MacOS is still a pain

I miss Linux. Wednesday night I spent a good two hours on Apple’s phone support to help me figure out why my Apple account wouldn’t sync iCloud Drive. The files I had in it simply wouldn’t appear on my Mac. After a while we realized it was my account and not the machine but it was still quite annoying.

As for using it itself, for the most part everything works well except for the monitor settings. I have a 34″ Dell monitor I use as the primary display and I keep it scaled to make it a bit easier to read. Every time the laptop goes to sleep, reboots, etc the machine reverts the resolution on the Dell and resets the laptop monitor to primary. It’s highly annoying and a common enough problem that I wound up installing an app designed just for the problem.
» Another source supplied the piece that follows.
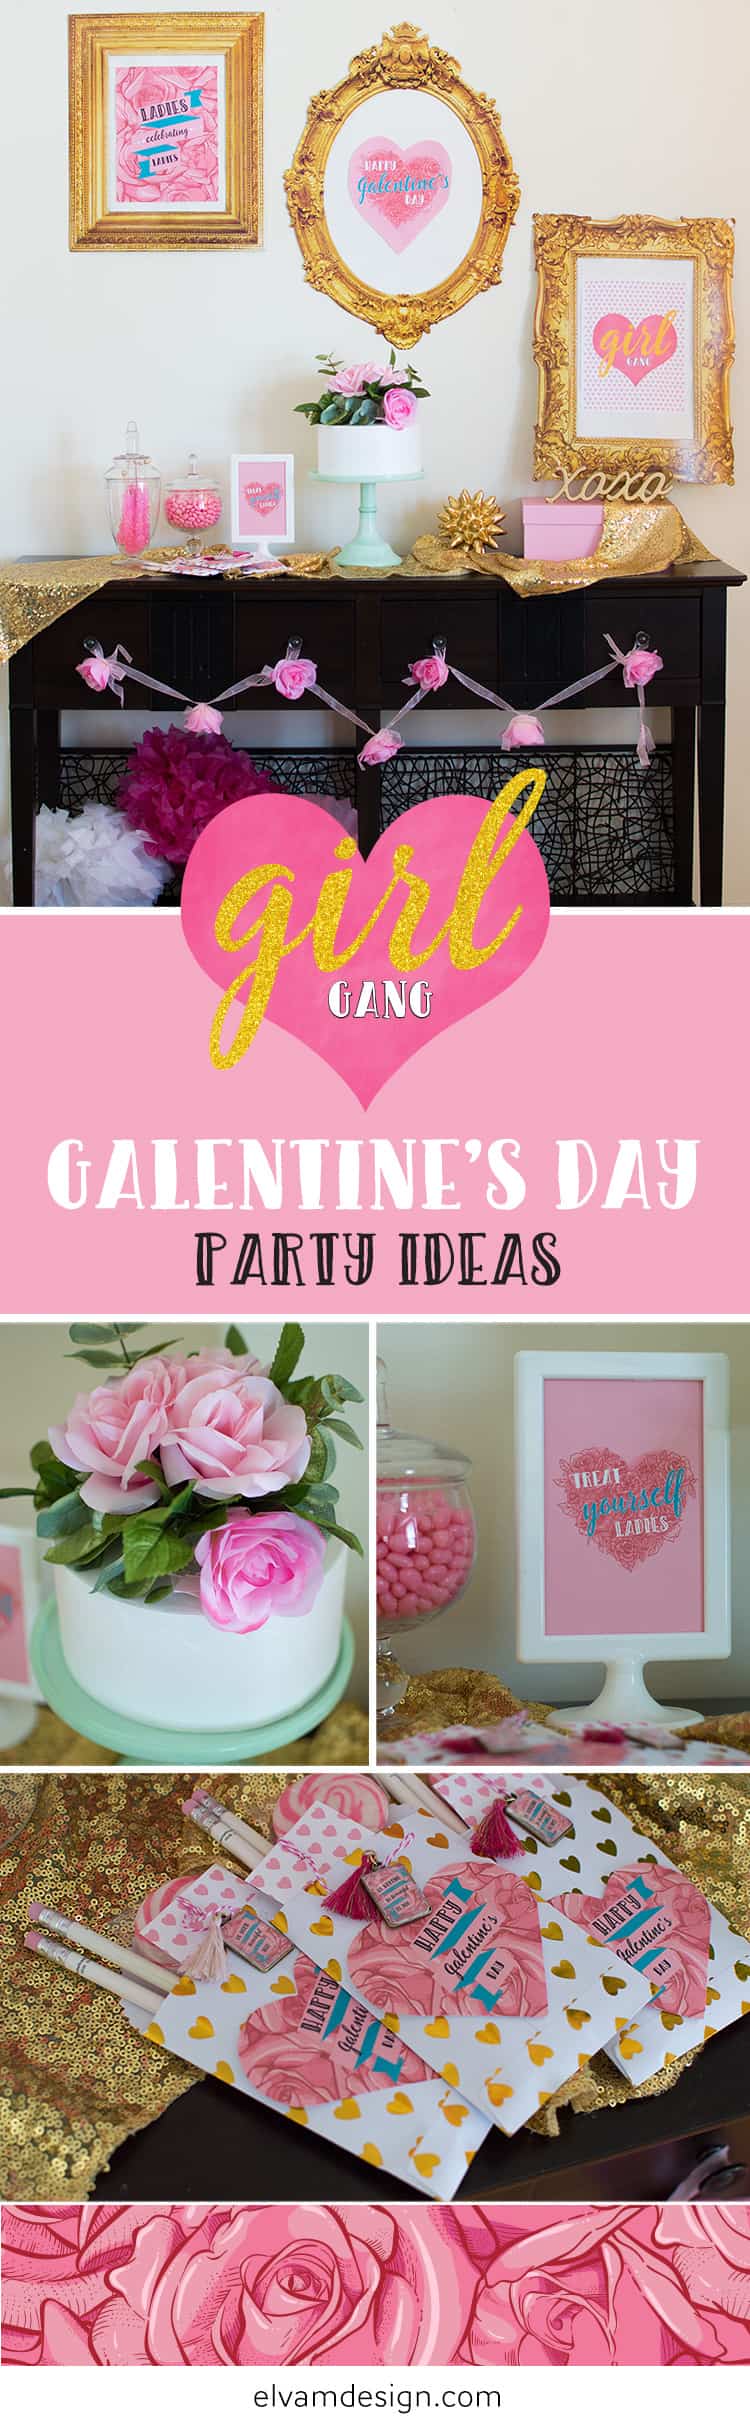 Girl Gang Galentine's Day Party

So much for “it just works,” eh?

I missed the device integration

One of my biggest frustrations with my Android/Linux setup was that it didn’t all work together like Apple does. I really did miss that. I even chuckled a bit this afternoon when I mistakenly answered a call warranty call from my computer. The content of the call notwithstanding, the ability to be able to use any device I’m at for anything I need to do with it really is a big deal to me.

Add to that having music, podcasts and more accessible from my laptop and I’ve already found myself listening to a lot more and generally enjoying using the device today.
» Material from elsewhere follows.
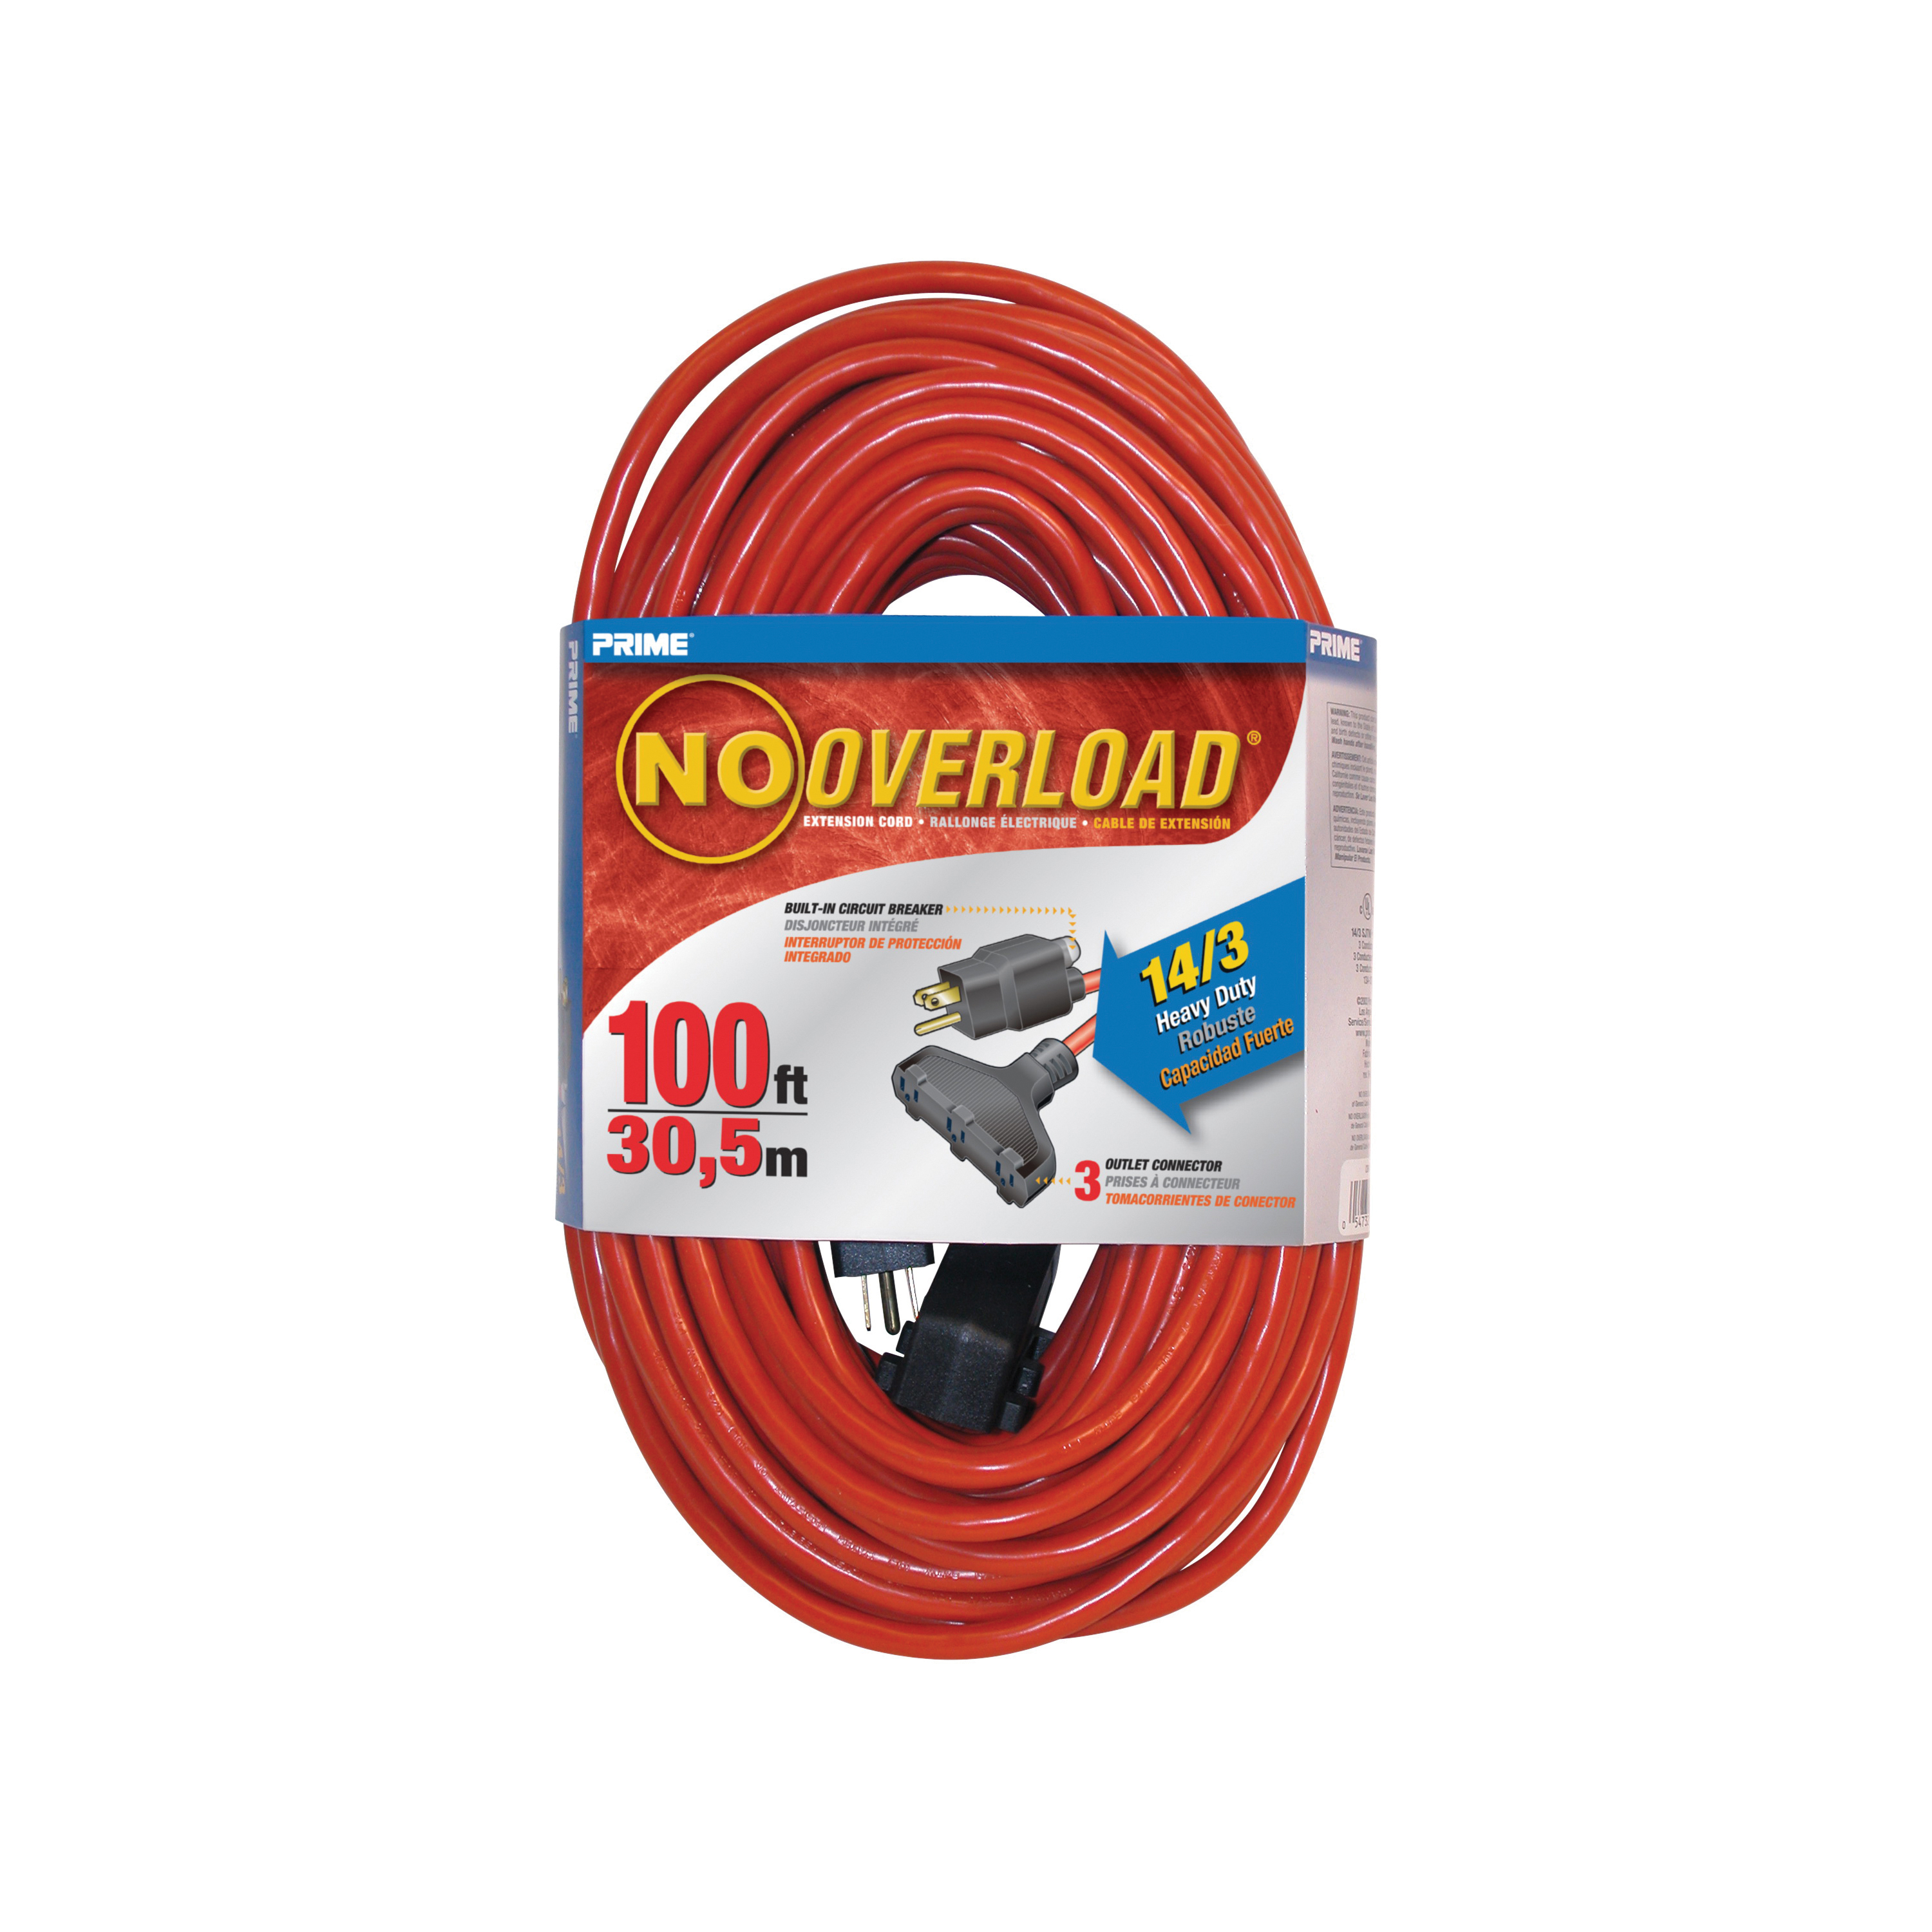 Prime CB614735 Extension Cord, 100 ft L, 13 A, 125 V, Red - 1

I get many people are happy using each of their devices for a specific set of tasks. That’s not me. If I’m working on my laptop I don’t want to reach for my phone or my iPad or anything else. I want to access the few things I use from my laptop. That is a big win for me, for now.

It’s a tool

In the end it’s a tool. One I’ll hopefully be happy working with for years to come but a tool all the same.

Historically I got excited about the computers I bought, that’s no longer really the case. I just want something that works for what I need it for and I’m really hoping this will be it.

I know that isn’t the most exciting review of these machines you will read but I feel like “it just does it’s job well (minus my few issues)” is a bar that is so hard to cross in tech these days. That alone is newsworthy in my experience and I’m pretty happy with that.